January 22, 2018


Post SeasonLast week I wrote about race week and how to deal with all of the excitement and anxiety so I thought this week I’d write about the week after your race.

Hopefully, you had a great race and you’re basking in the glow of your brand new winner’s medal. No? Don’t worry, there are very few of us that win those darn things – they are truly elusive.

Depending on the length of your race and how often you race your feelings may be very different. For me, this has been a very long, but great, season. I hate to see it end, but I definitely need a break.

For those of you that do long-course triathlons (70.3 and Ironman) you’re going to need some down-time. For you short-course folks, you’ll still need a rest but just not as much. Here’s my rule of thumb:

Sprint: taper 4 days before and 4 days after
Olympic: taper one week before and one week after
70.3: taper two weeks before and two weeks after
Ironman: taper three weeks before and three weeks after

Of course, this is the ideal arrangement but sometimes you’ll have other races scheduled within those timeframes that don’t allow a full rest so you’ll have to improvise. That’s okay but be sure you prioritize your races so you don’t burn yourself out on your “B” race and can’t “race” your “A” race.
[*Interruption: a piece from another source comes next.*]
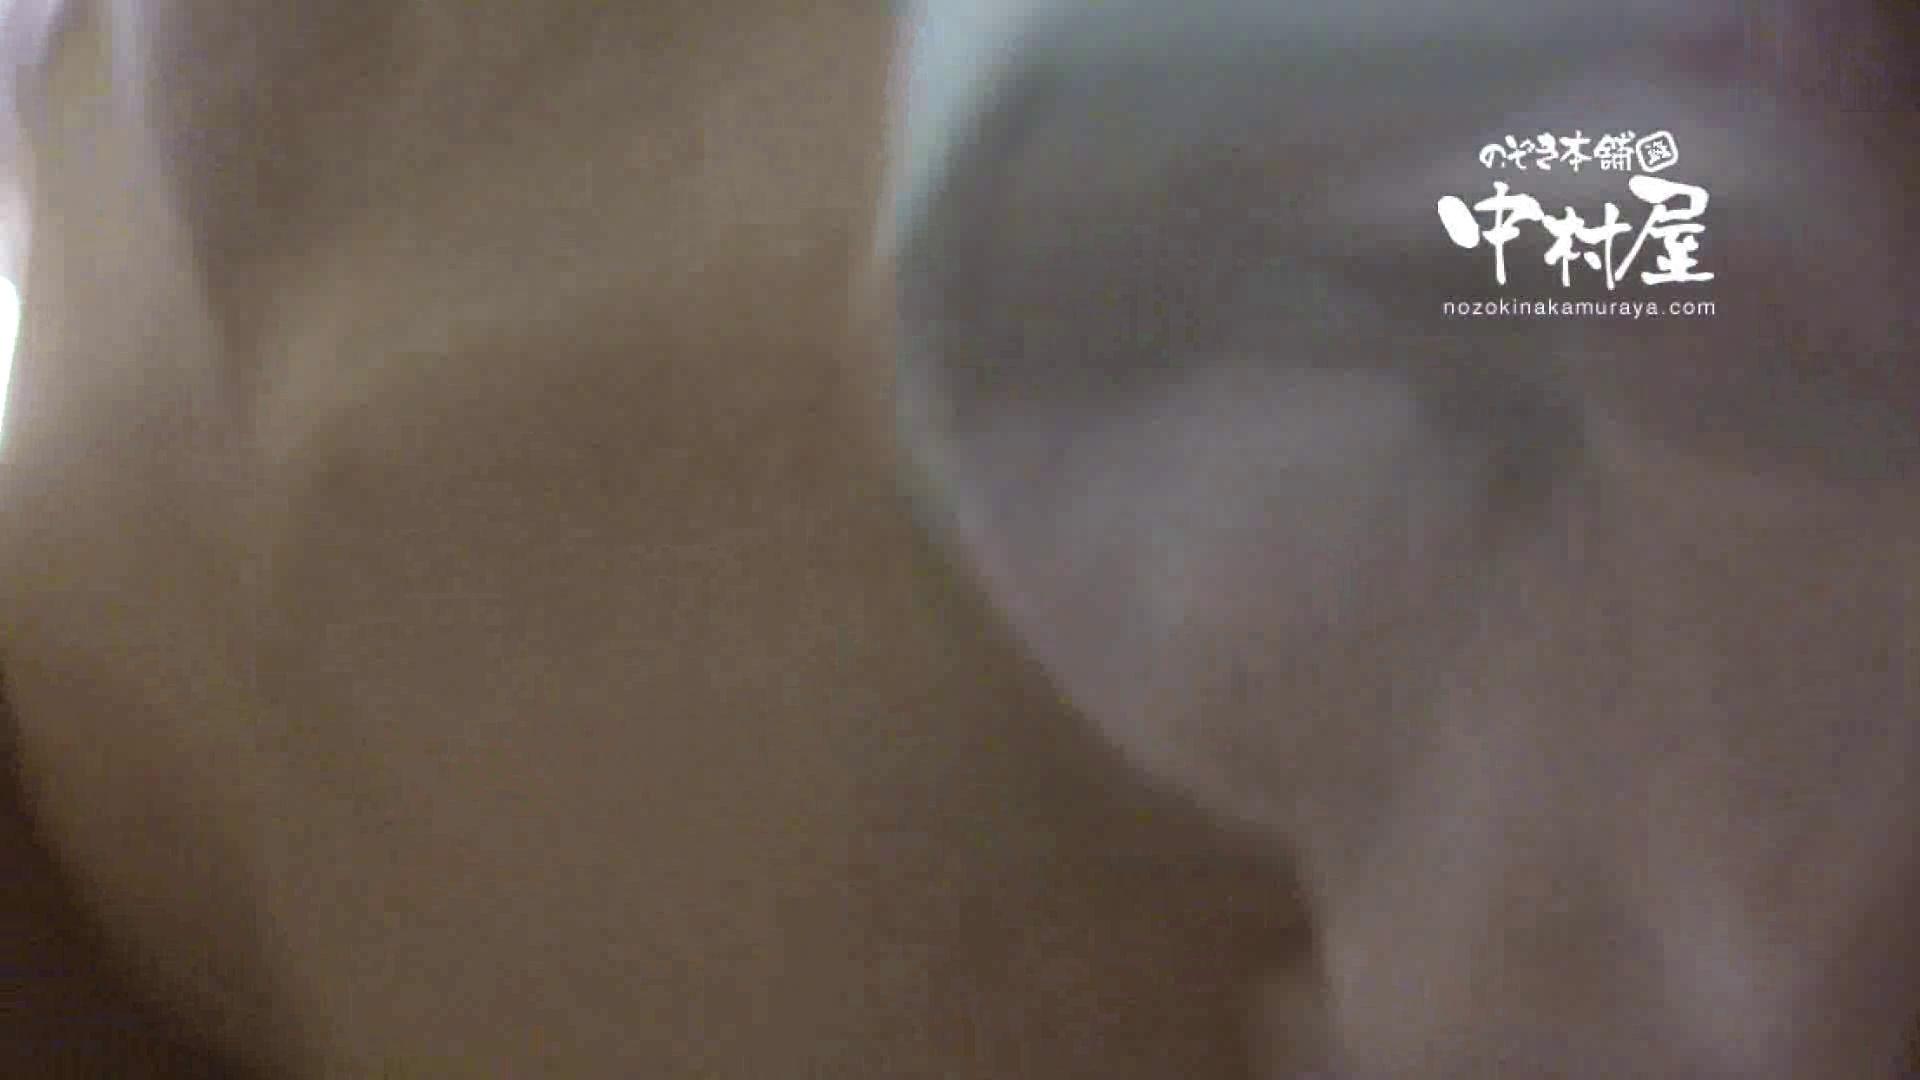 鬼畜 vol.18 居酒屋バイト時代の同僚に中出ししてみる 後編 中出し | 鬼畜  67画像 19
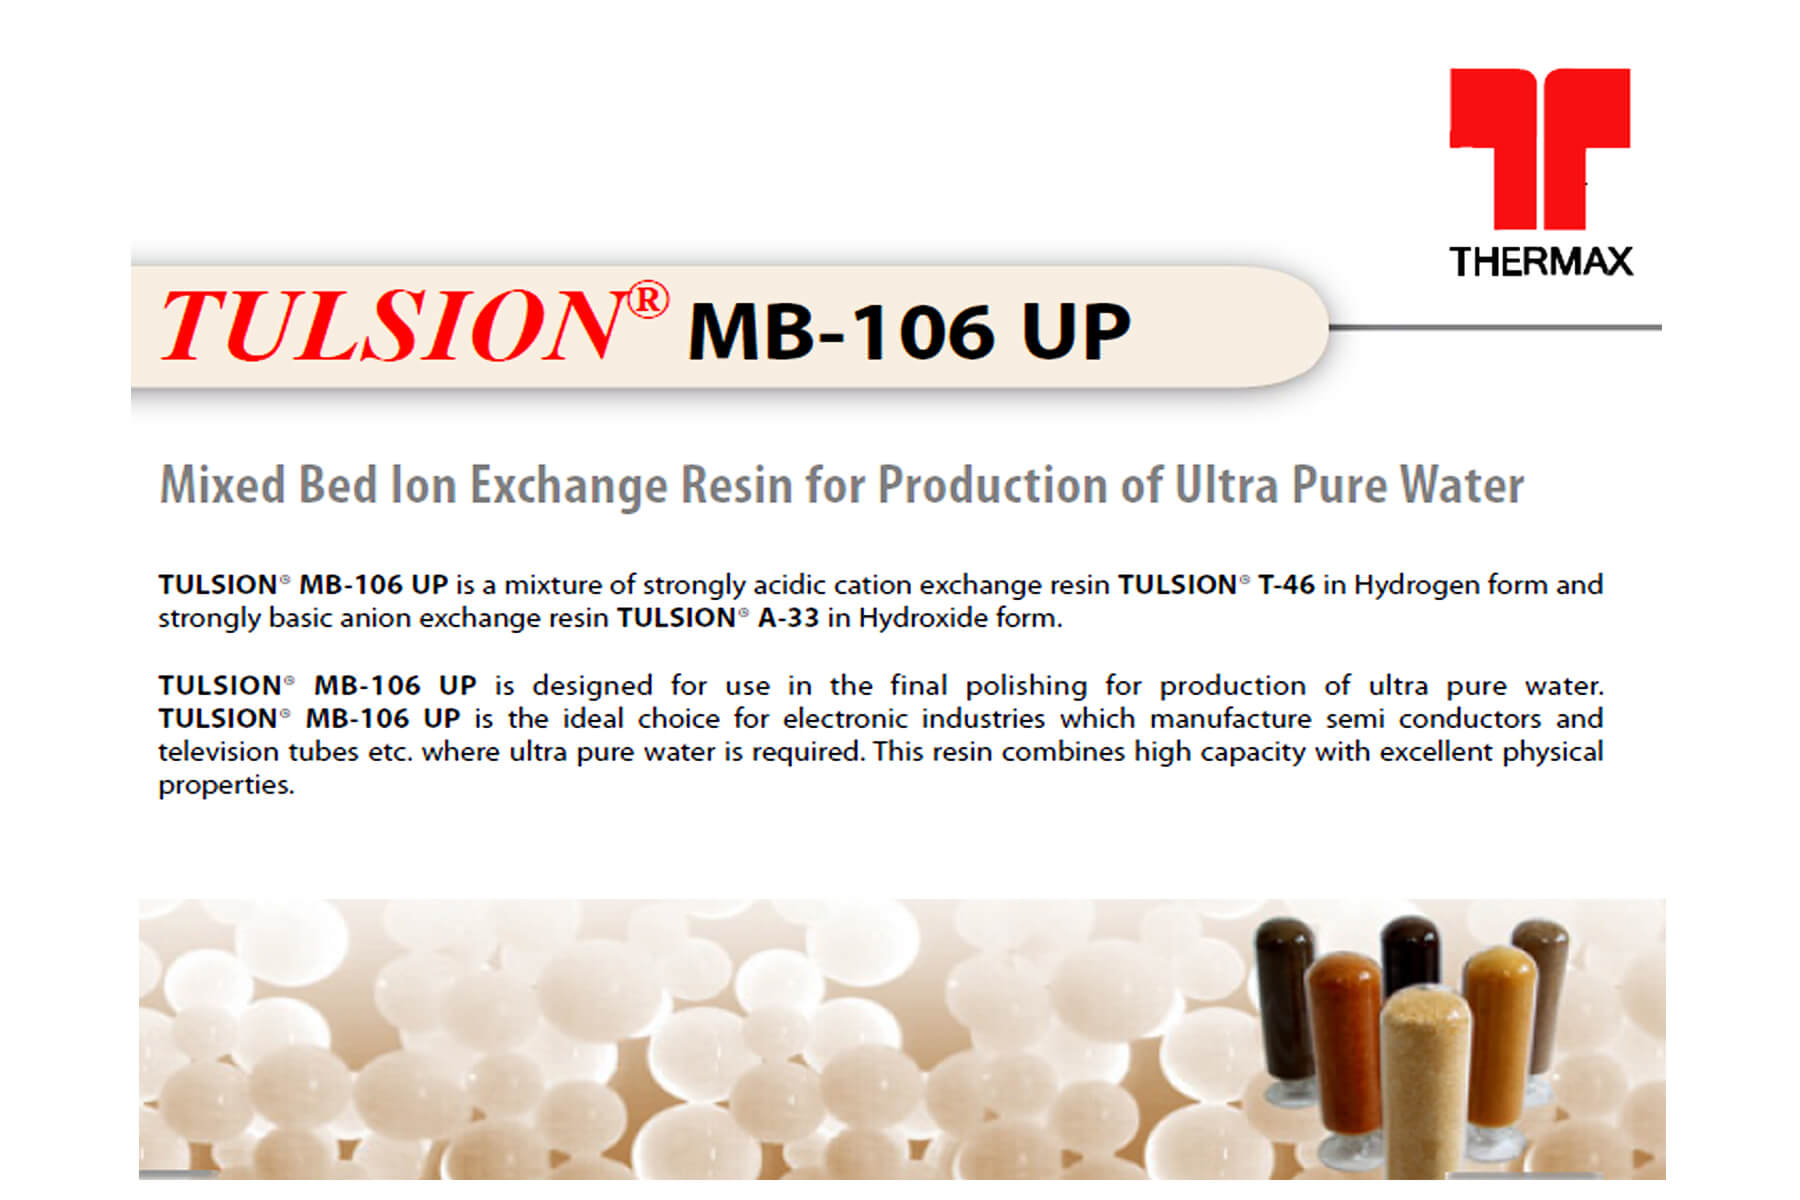 Tulsion MB-106 UP

Since it’s the end of the season there are three, maybe four, primary things you’ll want to concentrate on:

1. Rest and repair
2. Cross-training
3. Strength training
4. Dieting

If you’ve had a big season with lots of racing you really need to give your body a rest. If you’ve been monitoring your resting heart rate daily you’ll see that after a big race it will be elevated. Mine was elevated for three entire weeks after Ironman Kona. Allow yourself a break.

Now is the perfect time to integrate some cross-training into your schedule. If you haven’t been doing any yoga or Pilates this would be a great time to do so. Hiking, skiing, roller blading, kayaking, etc. are all great forms of cross-training.

While you should be doing strength training all year, the off-season is a great time to start or increase these efforts. During the season if you trash yourself too much in the gym you may not be able to do quality swim, cycling and run workouts. In the off-season . . . trash away!
Your weight will go down if you train but if you eat more while in a period of training you may not lose weight, or may actually gain weight. It is also not advisable to lose too much weight while you’re training and racing because your performance may suffer. So if you’ve got a few pounds to lose, attempt to do so in the off-season.

Rest up and get ready for next season!